Releasing Housing Equity in Later Life: Markets, Consumers and the Role of the State

Lorna Fox O’Mahony is Professor of Law and Executive Dean Humanities at the University of Essex. 

Louise Overton is a Teaching Fellow in the School of Social Policy at the University of Birmingham.  

The role of equity release transactions in enabling older owners to draw down on their housing wealth to meet needs and wants in later life is a prominent policy trope in many asset-based welfare systems. Framed by the enactment of the Consumer Credit Legislation Amendment (Enhancement) Act 2012 (Cth) – in which the Federal Government established regulatory jurisdiction over reverse mortgage transac- tions – and drawing on empirical research into the uses and risks of housing equity withdrawal mechanisms in Australia,1 this article compares the recent Australian experience of equity release with the longer-established UK equity release market.

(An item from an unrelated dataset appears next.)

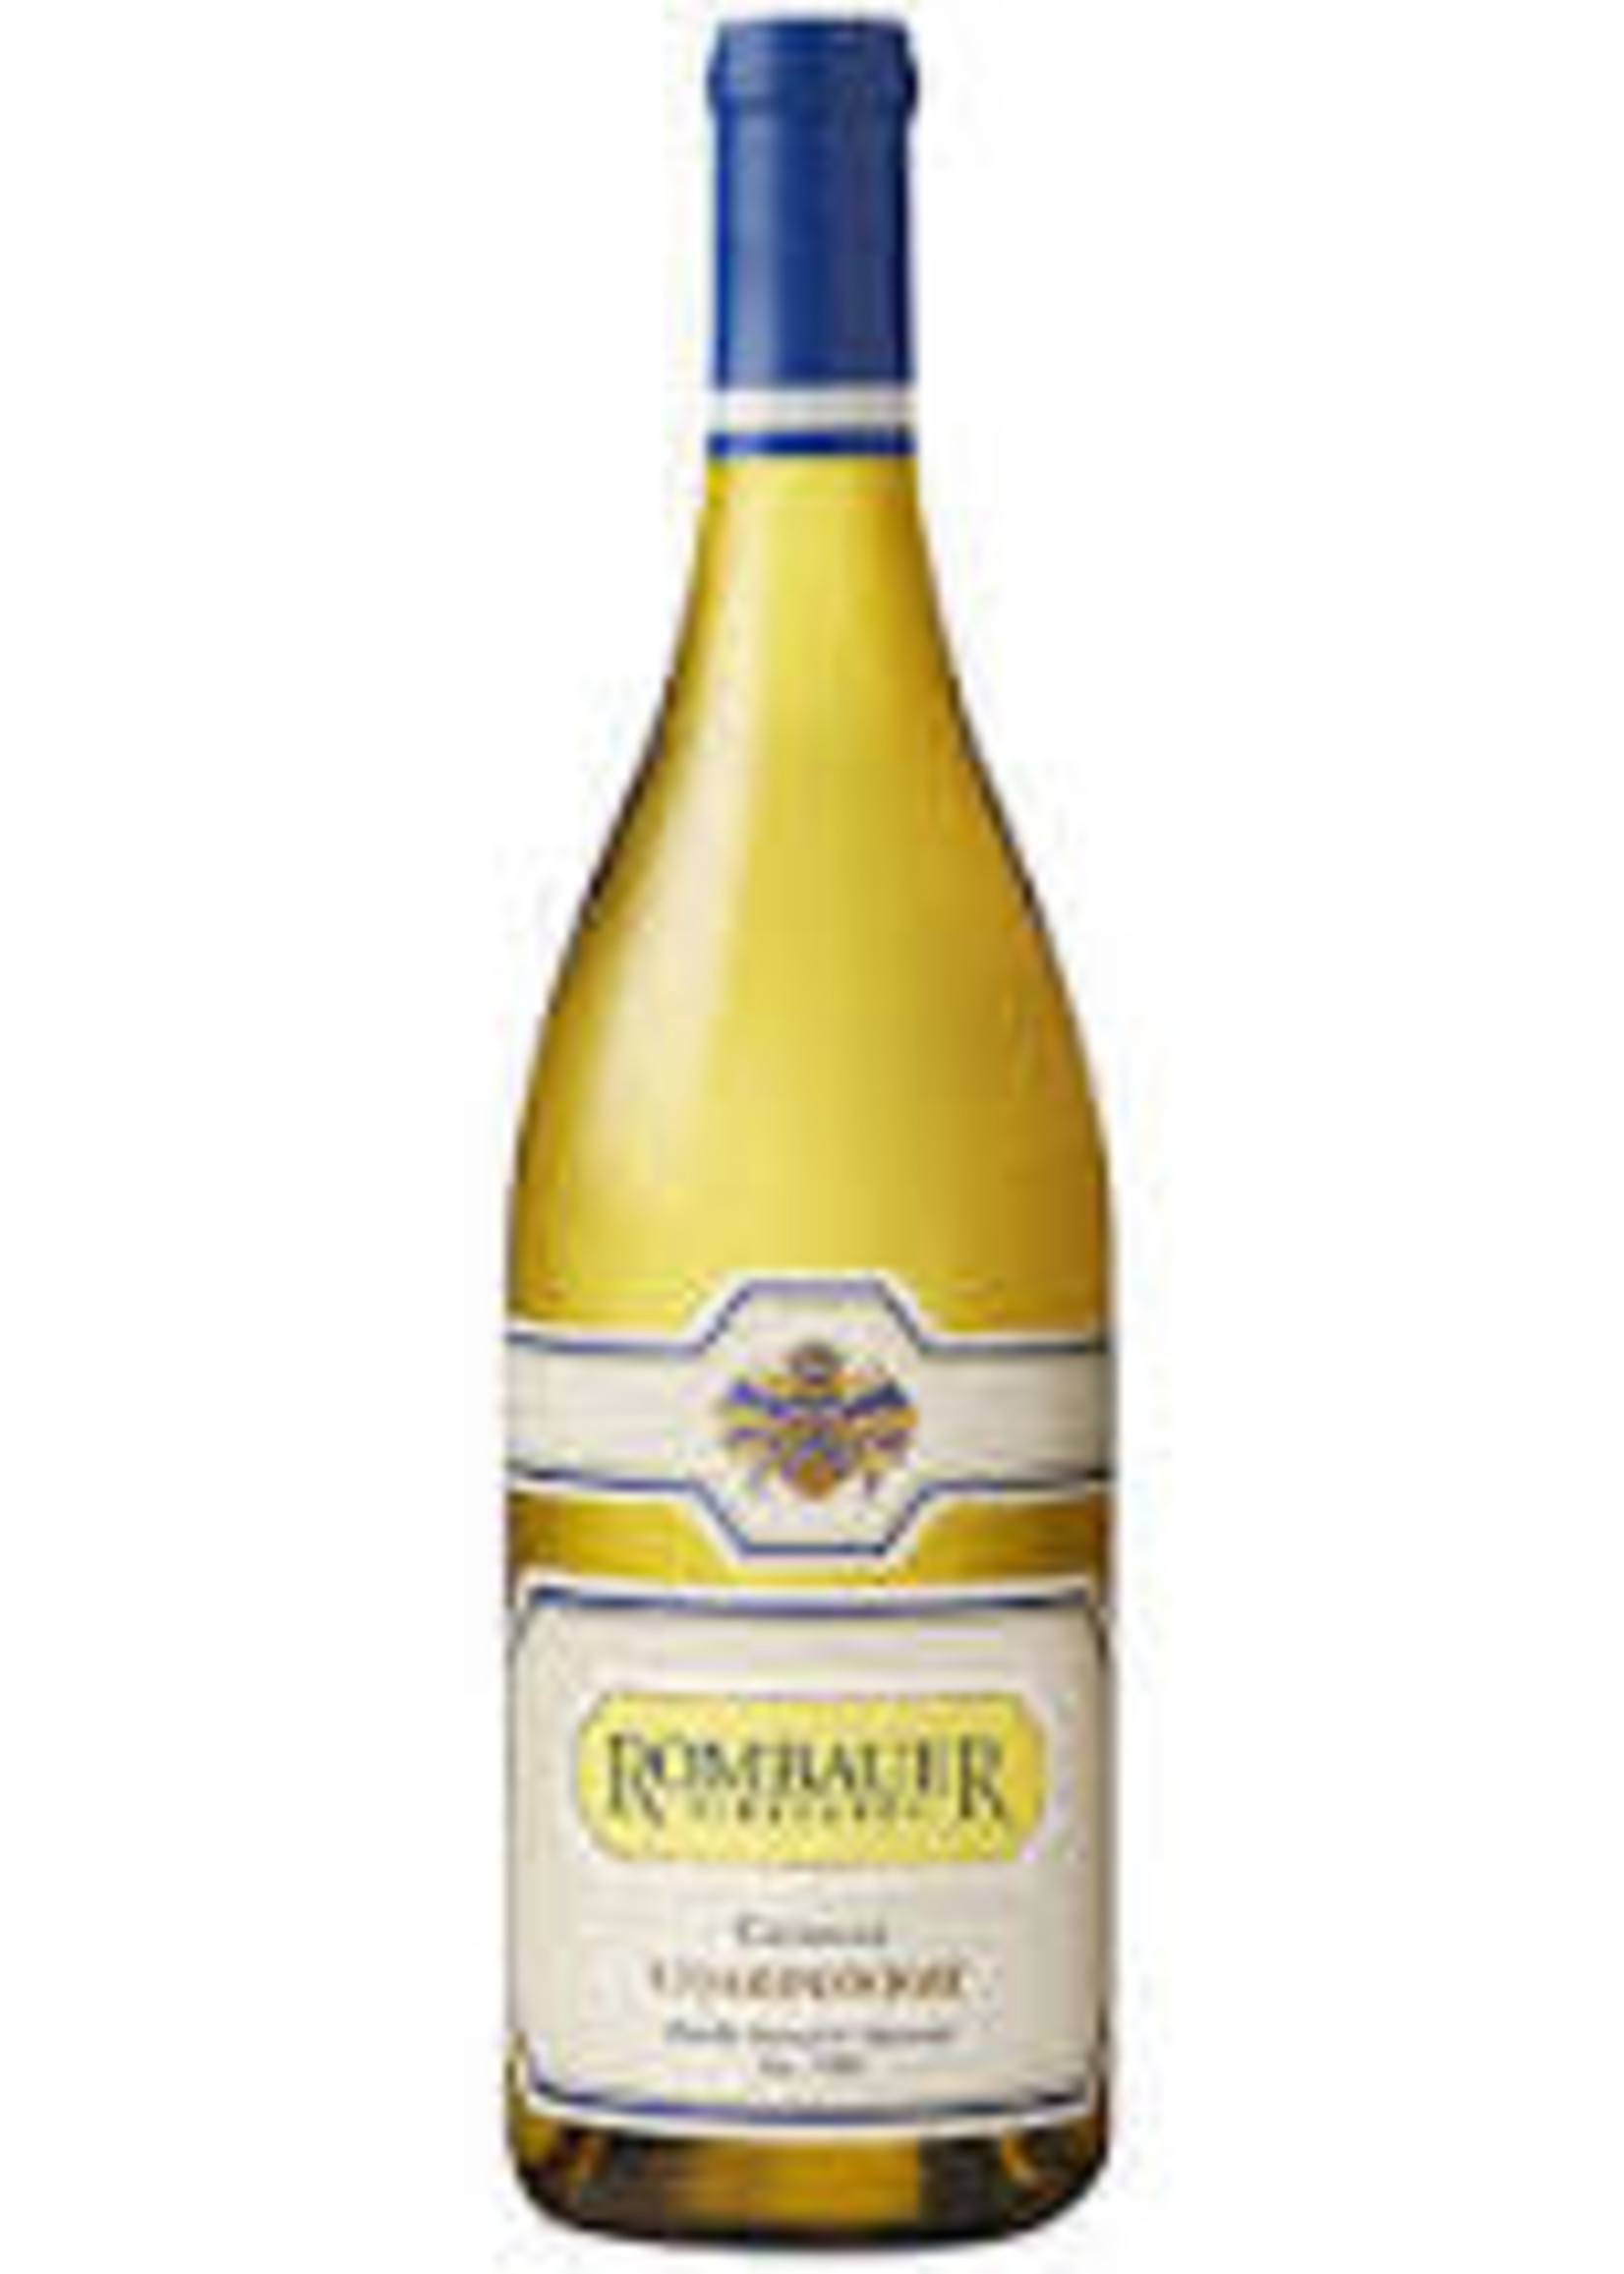 Rombauer 2019 Chardonnay 750ml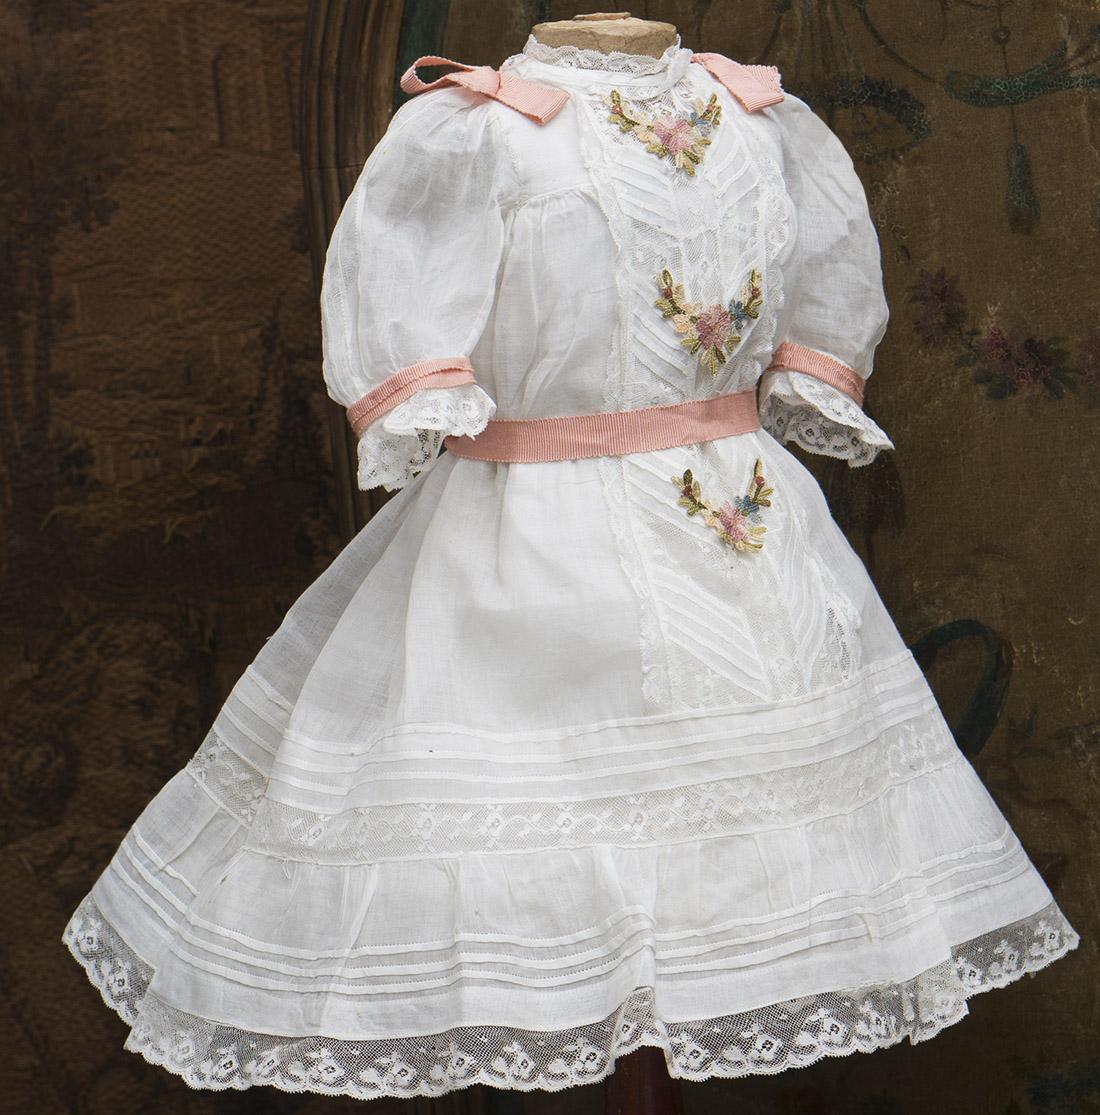 Antique Original Dress and Chemise

Reaching across the demographic, socio-economic and policy contexts which are widely regarded as setting the scene for increasing use of housing wealth to fund financial needs after retirement, to the nature and development of equity release markets, this article draws on the UK experience to reflect on patterns of supply and demand, on the needs, circumstances and objectives of the equity release consumer population, and on the role of the state, through law and policy, in mediating the transactional interface between consumers and markets to support the matrix of consumer interests, industry growth and related government policy agendas implicated in the equity release market.